Invalid JSON: Error: SUBNET_ALLOCATION must be valid JSON and a non-empty JSON object.
Invalid optional peered-project JSON: workflow JSON parse step fails when EXTERNAL_PEERED_PROJECTS is not a valid JSON object.
Type/shape mismatch in Terraform: validation errors from variable "subnet_allocation" (invalid CIDR, duplicate subnet names, missing PE subnet, unsupported subnet key).
Peered-project validation errors: Terraform errors for external_peered_projects (invalid CIDR, priority outside 400–499, duplicate priority, invalid project name format).
Wrong precedence assumptions: values in -var-file override TF_VAR_*; keep subnet_allocation out of committed shared.tfvars.

Running Workflows Locally

For local development and testing, use the deployment scripts in each Terraform root:

Mandatory variable: Local runs must export TF_VAR_subnet_allocation before plan/apply. Source of truth is the tools storage account tftoolsaihubtracking, container tools, path network-info/subnet-allocation/.

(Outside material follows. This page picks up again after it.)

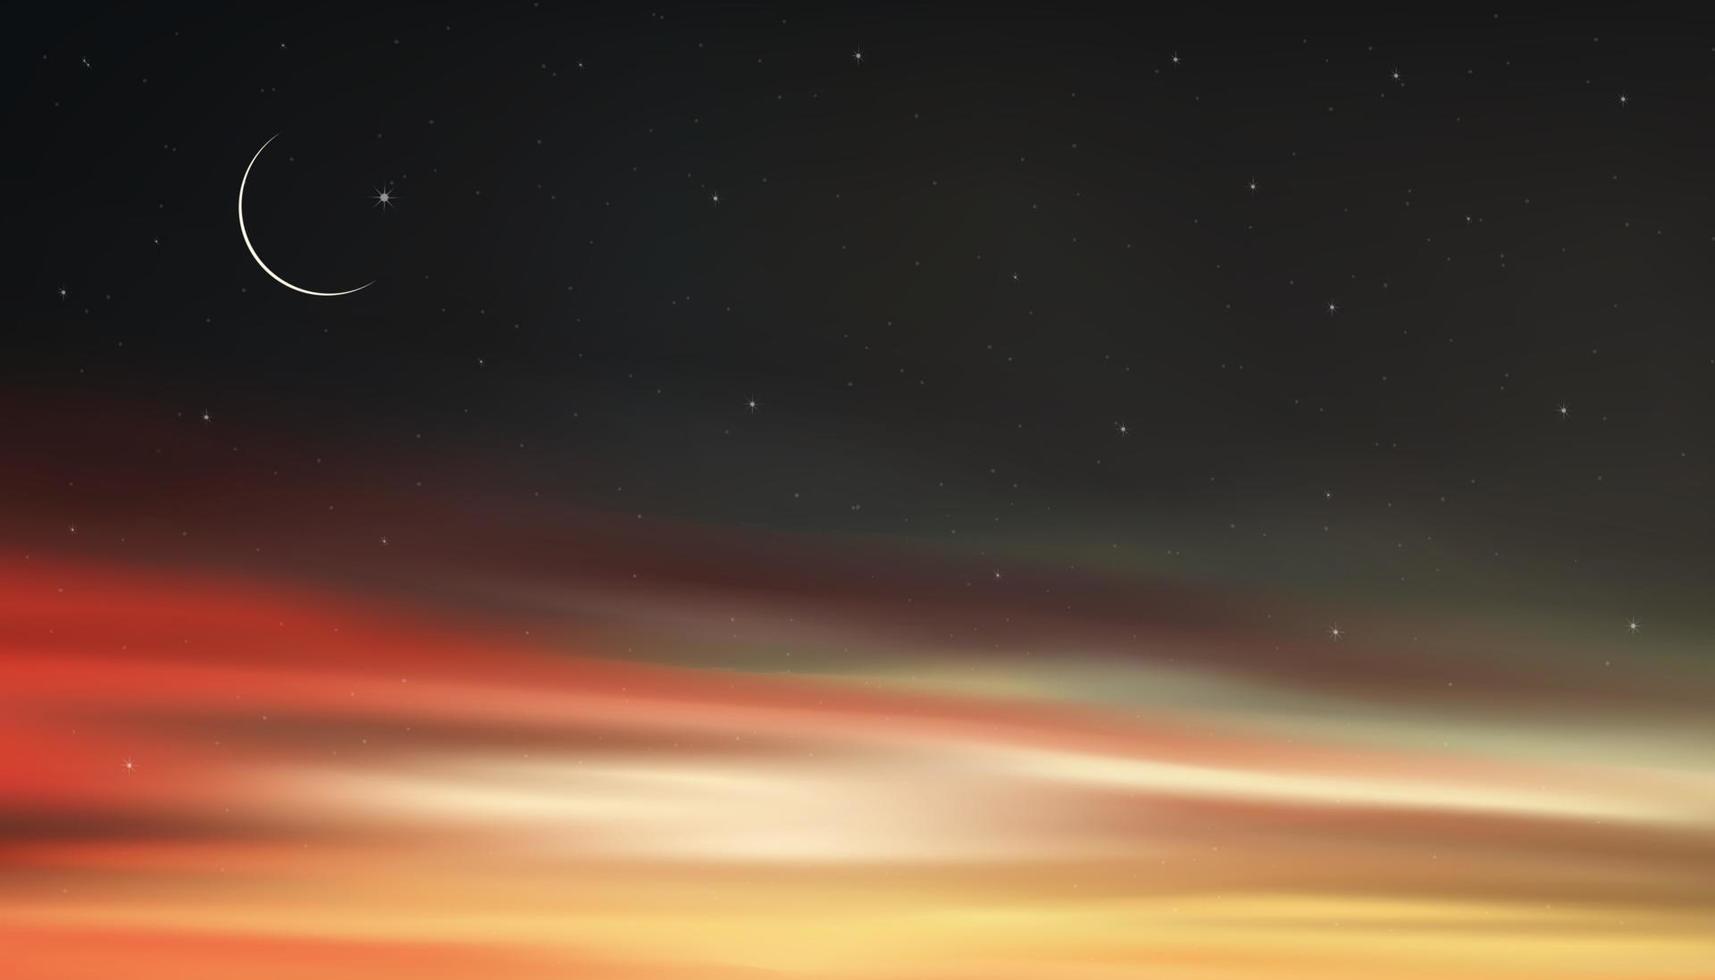 cielo nocturno con luna creciente y estrellas brillando, paisaje dramático gris drak, rojo y cielo anaranjado, hermoso cielo oscuro y crepúsculo, ilustración vectorial natural para ramadan kareem, fondo eid mubarak vector

# Load required subnet allocation JSON (example: prod)
az account set --subscription "da4cf6-tools - AI Services Hub"
tmpfile=$(mktemp)
az storage blob download \
    --account-name tftoolsaihubtracking \
    --container-name tools \
    --name network-info/subnet-allocation/subnet-allocation-prod.json \
    --auth-mode login \
    --file "$tmpfile"
export TF_VAR_subnet_allocation="$(jq -c . "$tmpfile")"
rm -f "$tmpfile"

# Switch back to your deployment subscription before running terraform
az account set --subscription "da4cf6-dev - AI Services Hub"

# Ensure you're logged in
az login

# Initial setup / tools
./initial-setup/infra/deploy-terraform.sh init
./initial-setup/infra/deploy-terraform.sh plan
./initial-setup/infra/deploy-terraform.sh apply

# AI Hub stacks
./infra-ai-hub/scripts/deploy-terraform.sh plan dev
./infra-ai-hub/scripts/deploy-terraform.sh apply test

Note: Local runs use your Azure CLI credentials instead of OIDC. Make sure you have the required permissions and that TF_VAR_subnet_allocation is exported in the shell.